App delivery patterns for scaling apps and APIs

Scaling apps and APIs today is not about choosing the right load balancing algorithm. In the more than two decades of app delivery evolution, the one thing that’s remained fairly constant is load balancing algorithms. Their primary benefit is maintaining availability. Their impact on performance is, at best, minimal.

This is not to say that choosing an algorithm is irrelevant. After all, round robin is rarely the best choice for an API or application, but the choice between least connections and fastest response are less likely to have an impact on the overall performance and availability of a digital service than its architecture.

What this will be is an architectural perspective on app delivery in response to the elevation of app delivery as one of the six key capabilities required to design and operate digital services.

What is a load balancing algorithm?

A load balancing algorithm is a programmatic approach to distributing load across a pool of resources to ensure availability and improve performance.

A load balancing algorithm specifies how specific resources are chosen and what variables are considered.

Round Robin is the simplest algorithm and simply iterates over a known set of resources in sequential order. If there are three resources – A,B, and C – then round robin routes the first request to A, the second to B, and the third to C. The selection process then begins again.

Least Connections is an algorithm based on the second operational axiom which states that ‘as load increases, performance decreases.’ Thus, the least connections algorithm will choose the resource with the least connections (load). Variations of this algorithm exist, most notably weighted least connections, which allows for differences in capacity across resources.

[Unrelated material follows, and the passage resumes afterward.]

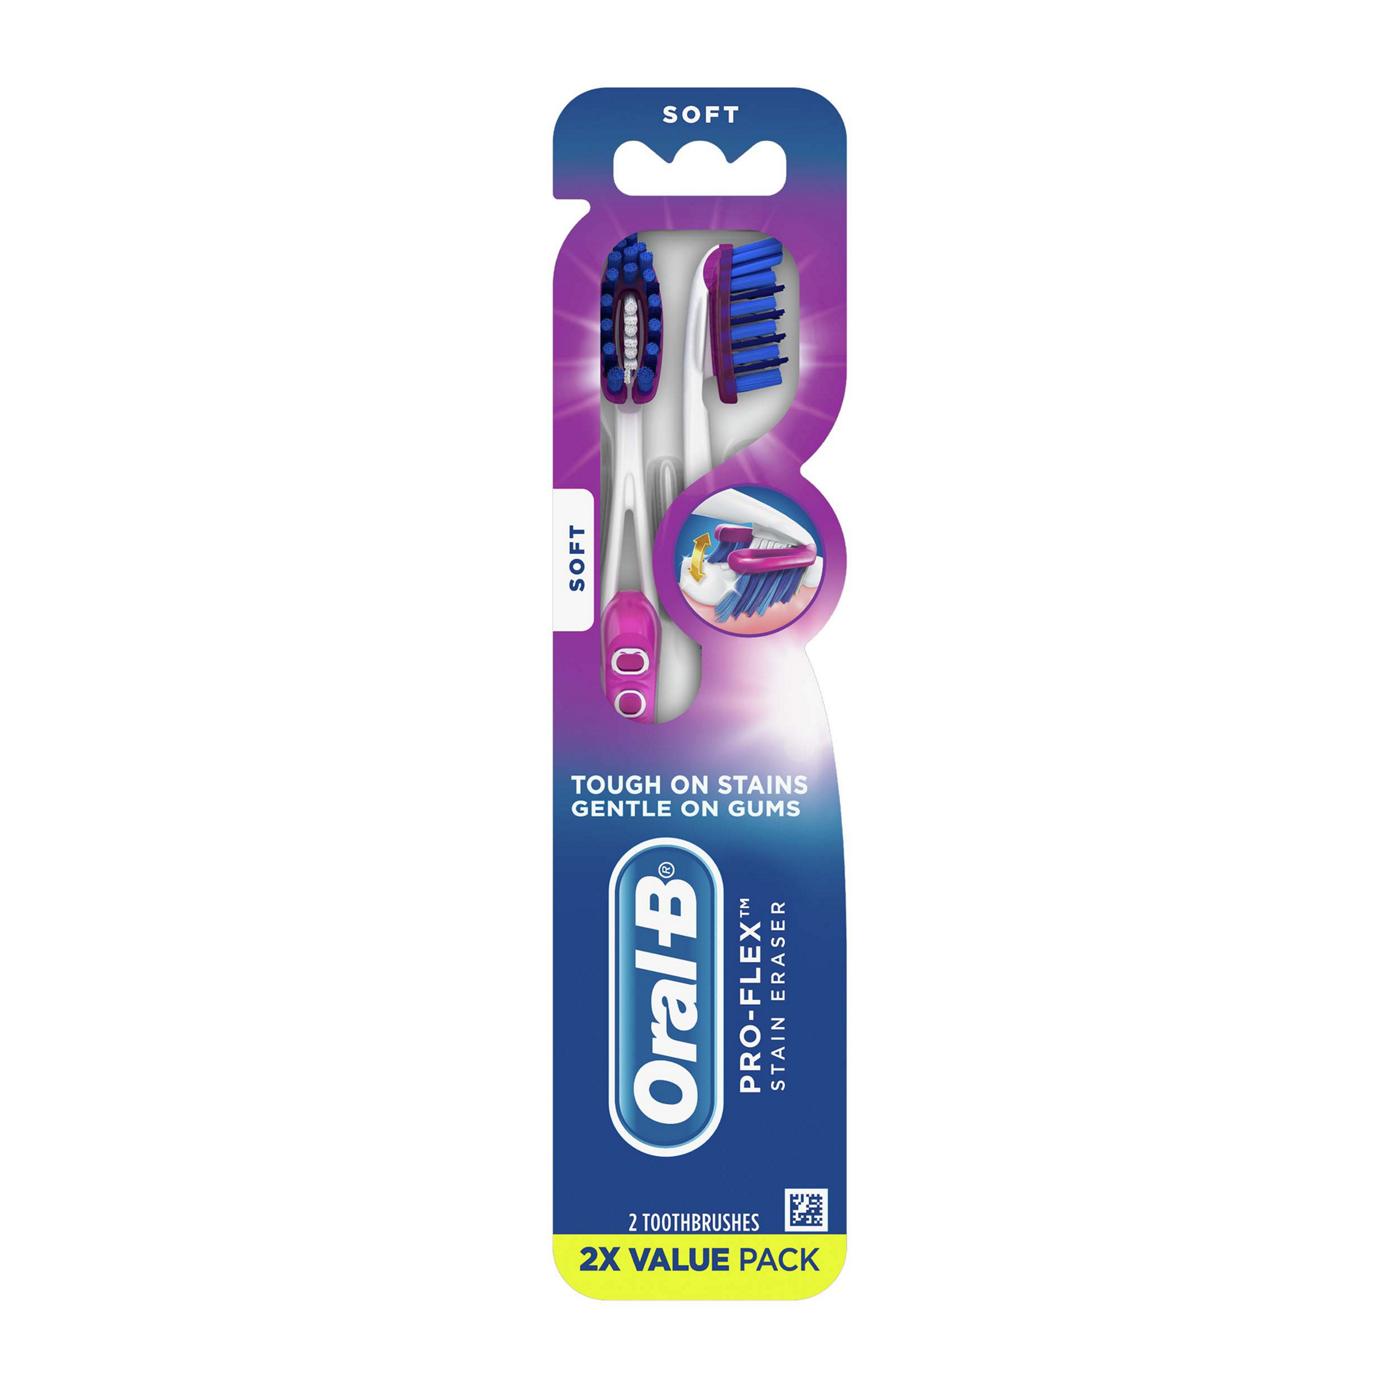 Oral-B Pro-Flex Stain Eraser Toothbrushes - Soft; image 1 of 9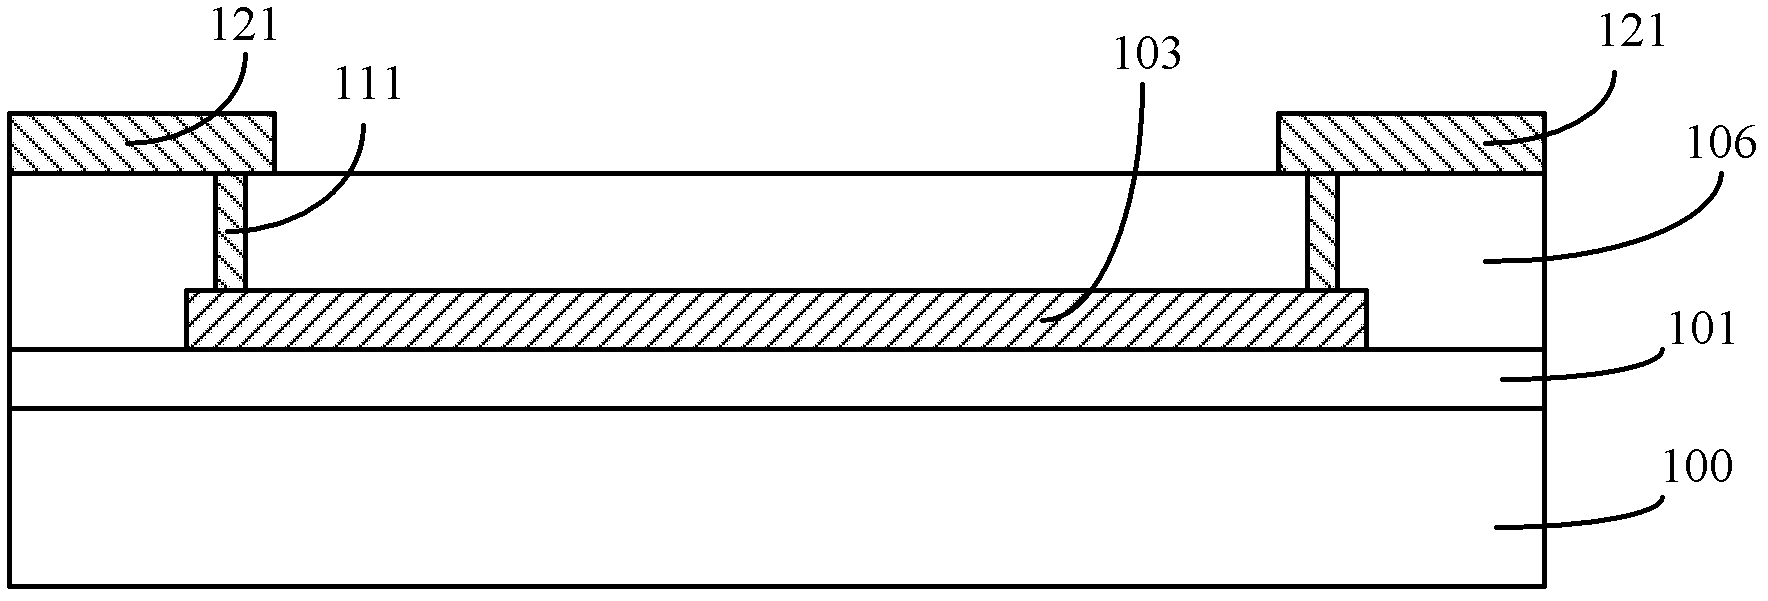 Detecting structure and detecting method for temperature coefficient of resistance (TCR)

Fastest response time is used when performance is a top priority. The load balancer will, either passively or actively, determine the response time from each resource and, for every request, choose the fastest. This algorithm does not guarantee user response time as it has no effect on the last mile or user network conditions.

Source IP is an algorithm left over from network load balancing that uses a simple hash value for the source (client) IP to choose a resource. This algorithm will always select the same resource for a given source IP. This algorithm fell out of favor because it is subject to the ‘mega proxy’ problem, where all users originating from a single proxy/IP address are directed to the same resource. This tends to overwhelm the target resource, resulting in poor performance and, ultimately, failure.

Load balancing algorithms are an important part of an app delivery architecture but have less of an impact on the performance and scale of an app or digital service than the overall architectural approach.

What is app delivery?

App delivery is the discipline of designing a scalable, high performing architecture for apps, APIs, and digital services. It relies heavily on load balancing as a core component but incorporates modern capabilities such as layer 7 routing and leverages common architectural patterns to optimize performance and efficient utilization of resources.

We use the term app delivery to deliberately draw a line between load balancing, which is an implementation detail, and architecture, which is a design process.

Why do we scale?

Scale is technical response to a business outcome. Namely, the need to maintain availability and performance of the workloads that comprise a digital service to improve customer satisfaction scores, conversion rates, and generation of revenue. That last part is particularly important, as our research tells us that a majority (58%) of businesses today drive at least half their revenue from digital services.

Also consider, for example, the use of public cloud for business continuity (BC). BC is a top primary use of public cloud, and at its core is an implementation of global scale, i.e. global load balancing. Failover is a core capability of app delivery that, when applied to an entire site, enables the ability to rapidly redirect requests from one location to another. The continuous availability of a business’ digital presence is a business outcome, enabled by a technical response.

How do we scale?

Answering this question begins our technical journey into app delivery architecture. There are two models of scale: vertical (up) and horizontal (out).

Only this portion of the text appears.